◆ **ACTIVITY**: The required output is the stretch from the line containing "Lds Bolero falcon wtrpf winter boot" through the line containing "Jersey City New Skyline" in the records below, unaltered and with no pictures.

◆ **EXTRACTED DATA**:
══════
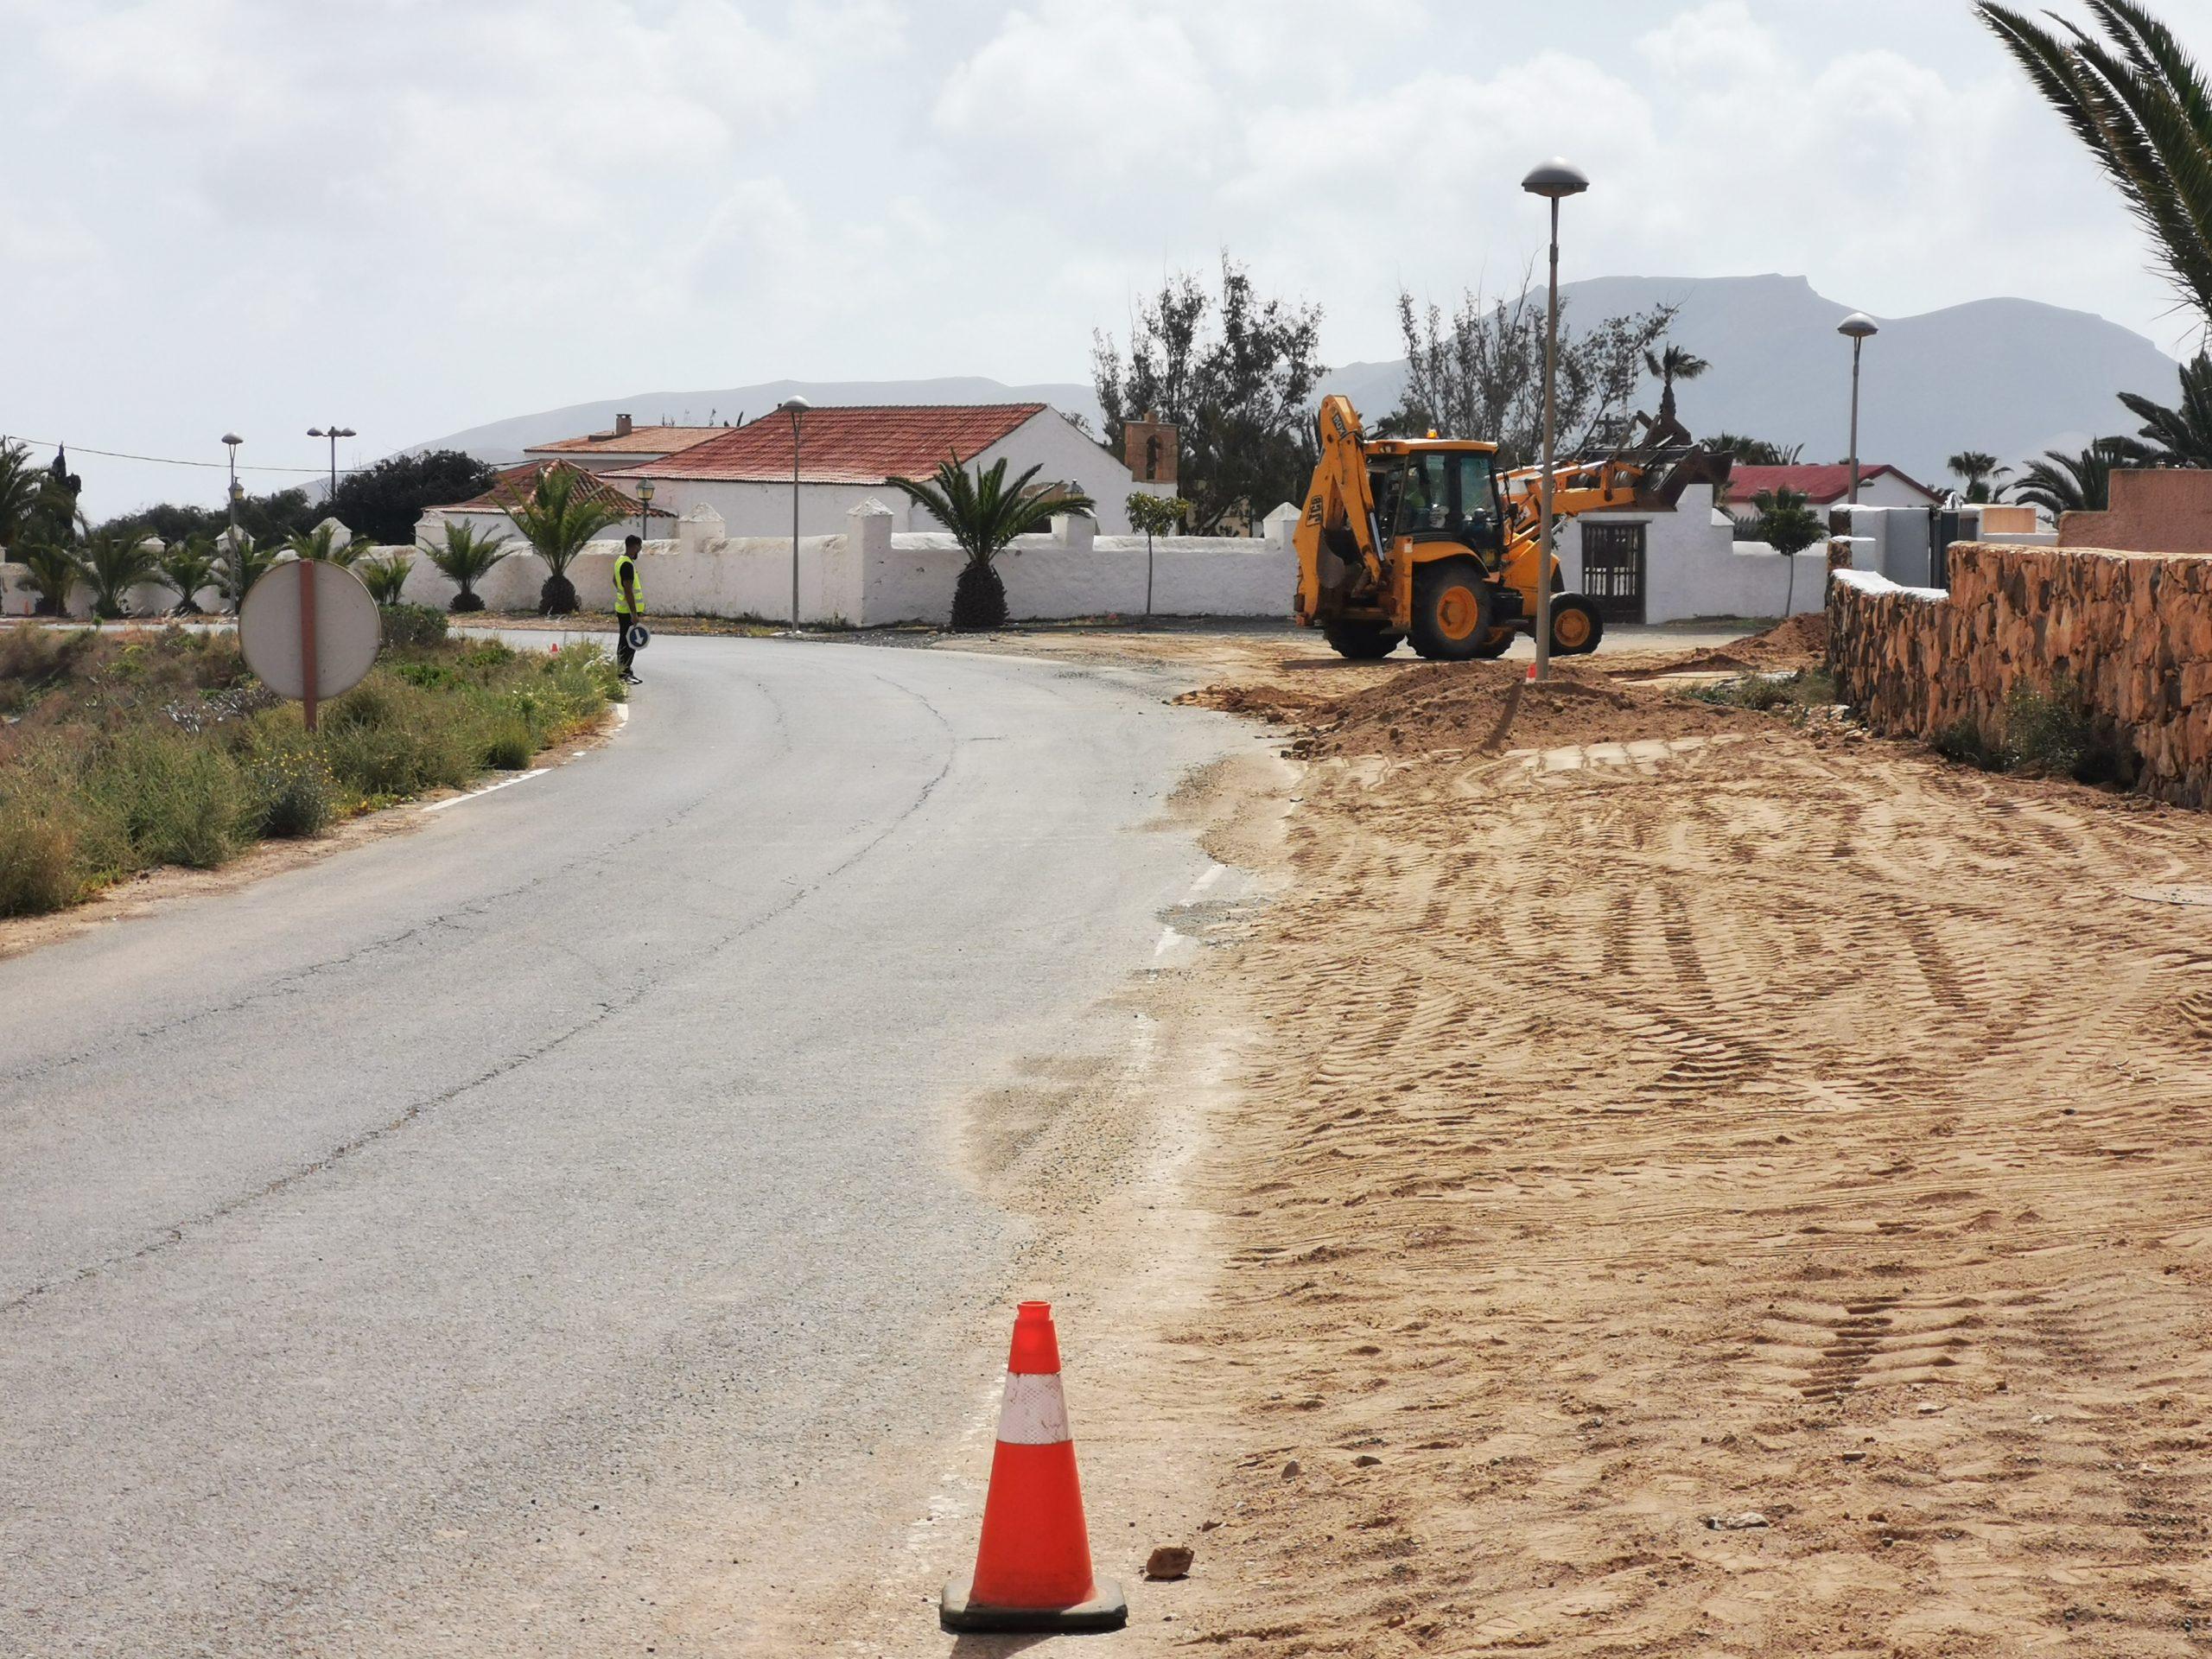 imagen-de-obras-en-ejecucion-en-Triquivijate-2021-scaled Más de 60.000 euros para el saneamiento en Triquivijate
══════
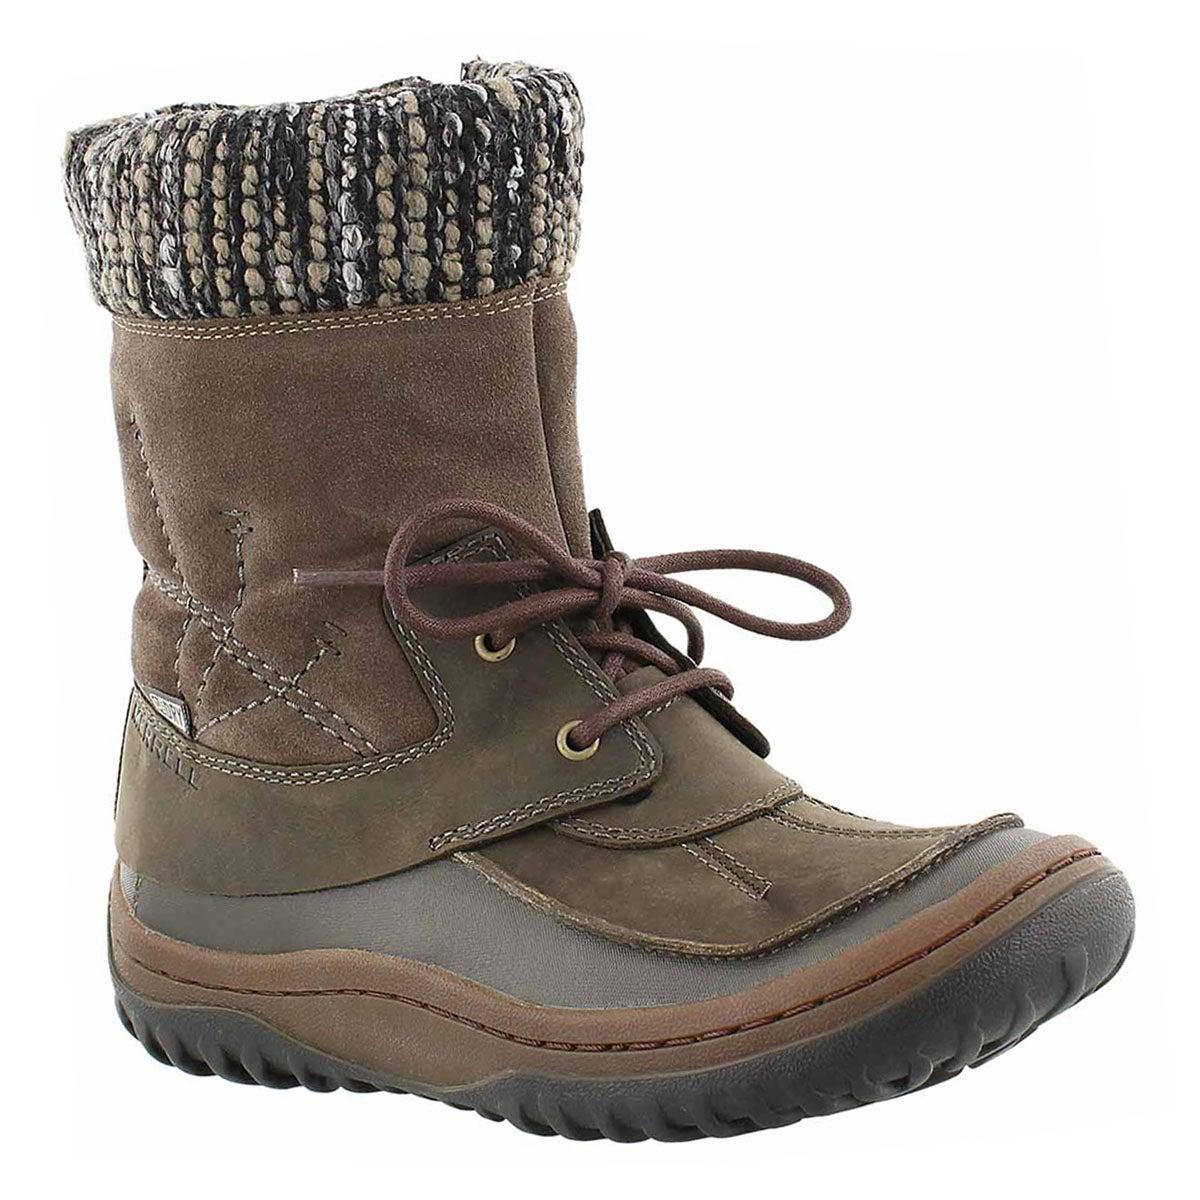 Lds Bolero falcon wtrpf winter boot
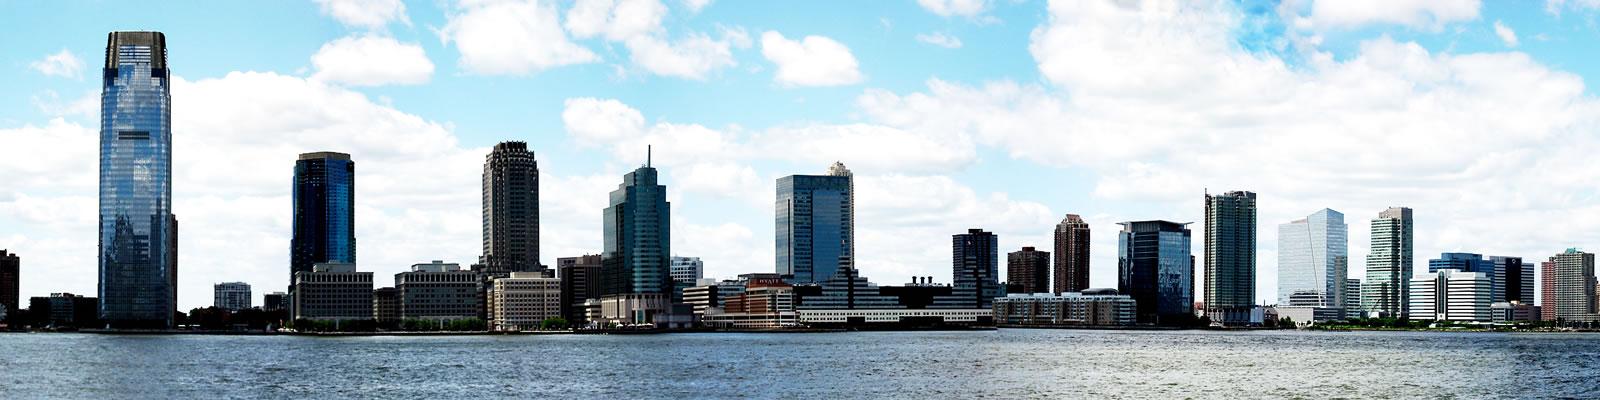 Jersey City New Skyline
══════
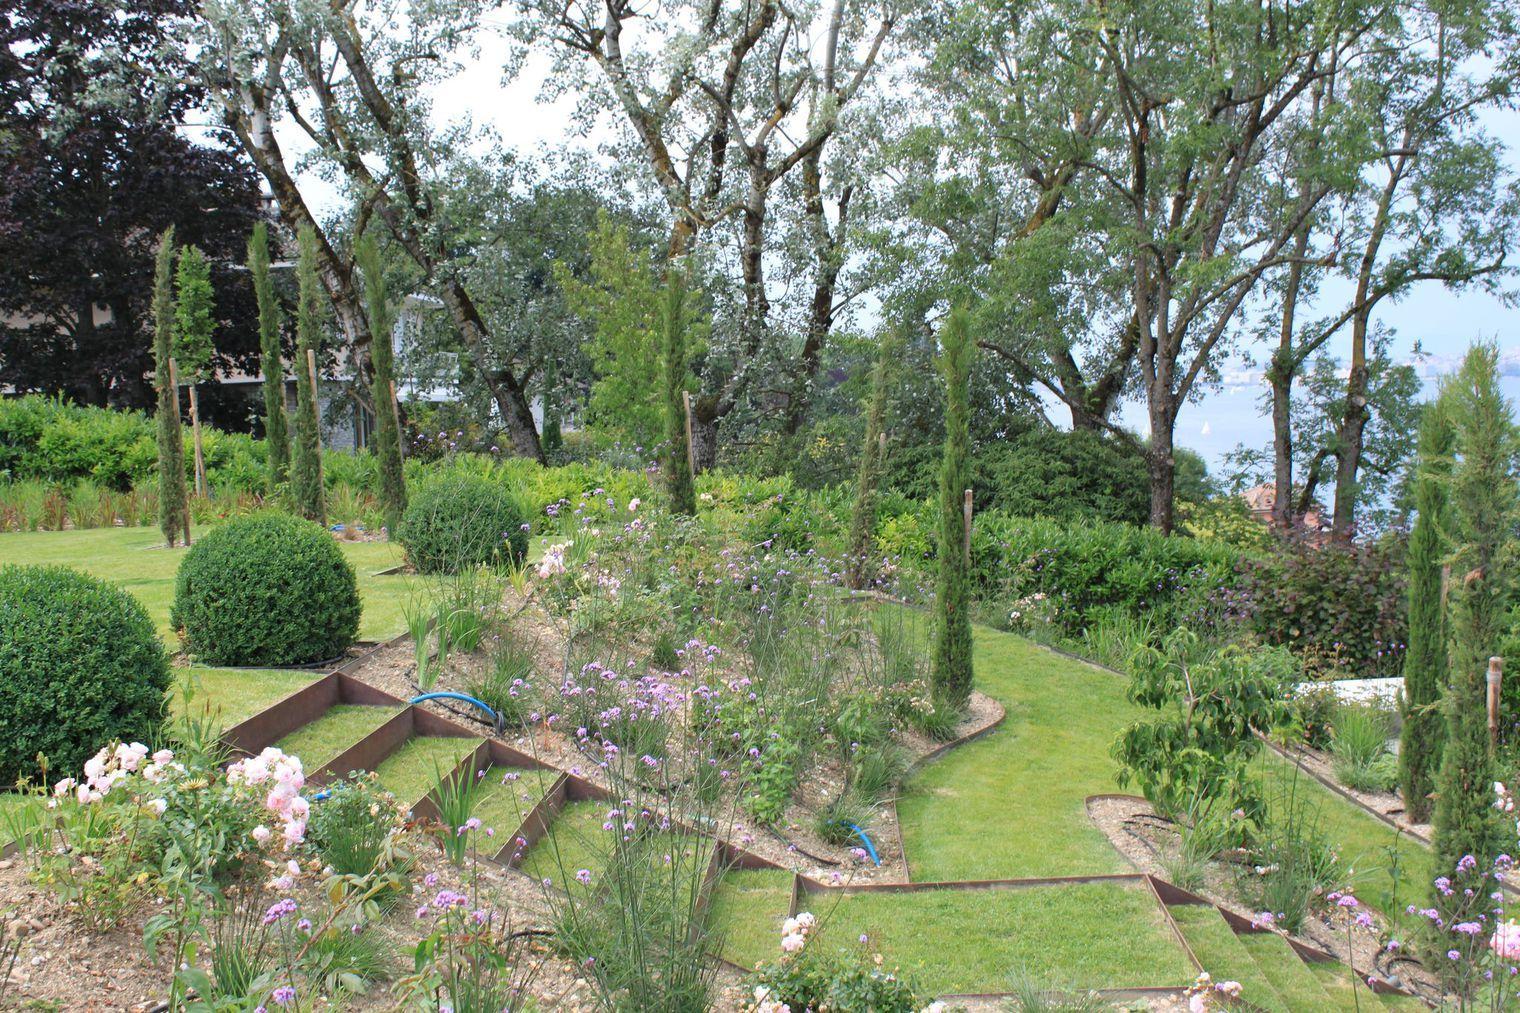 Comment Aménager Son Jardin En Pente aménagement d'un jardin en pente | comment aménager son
══════
◆ **SOLUTION TO THE EXERCISE**:
 Lds Bolero falcon wtrpf winter boot
 Jersey City New Skyline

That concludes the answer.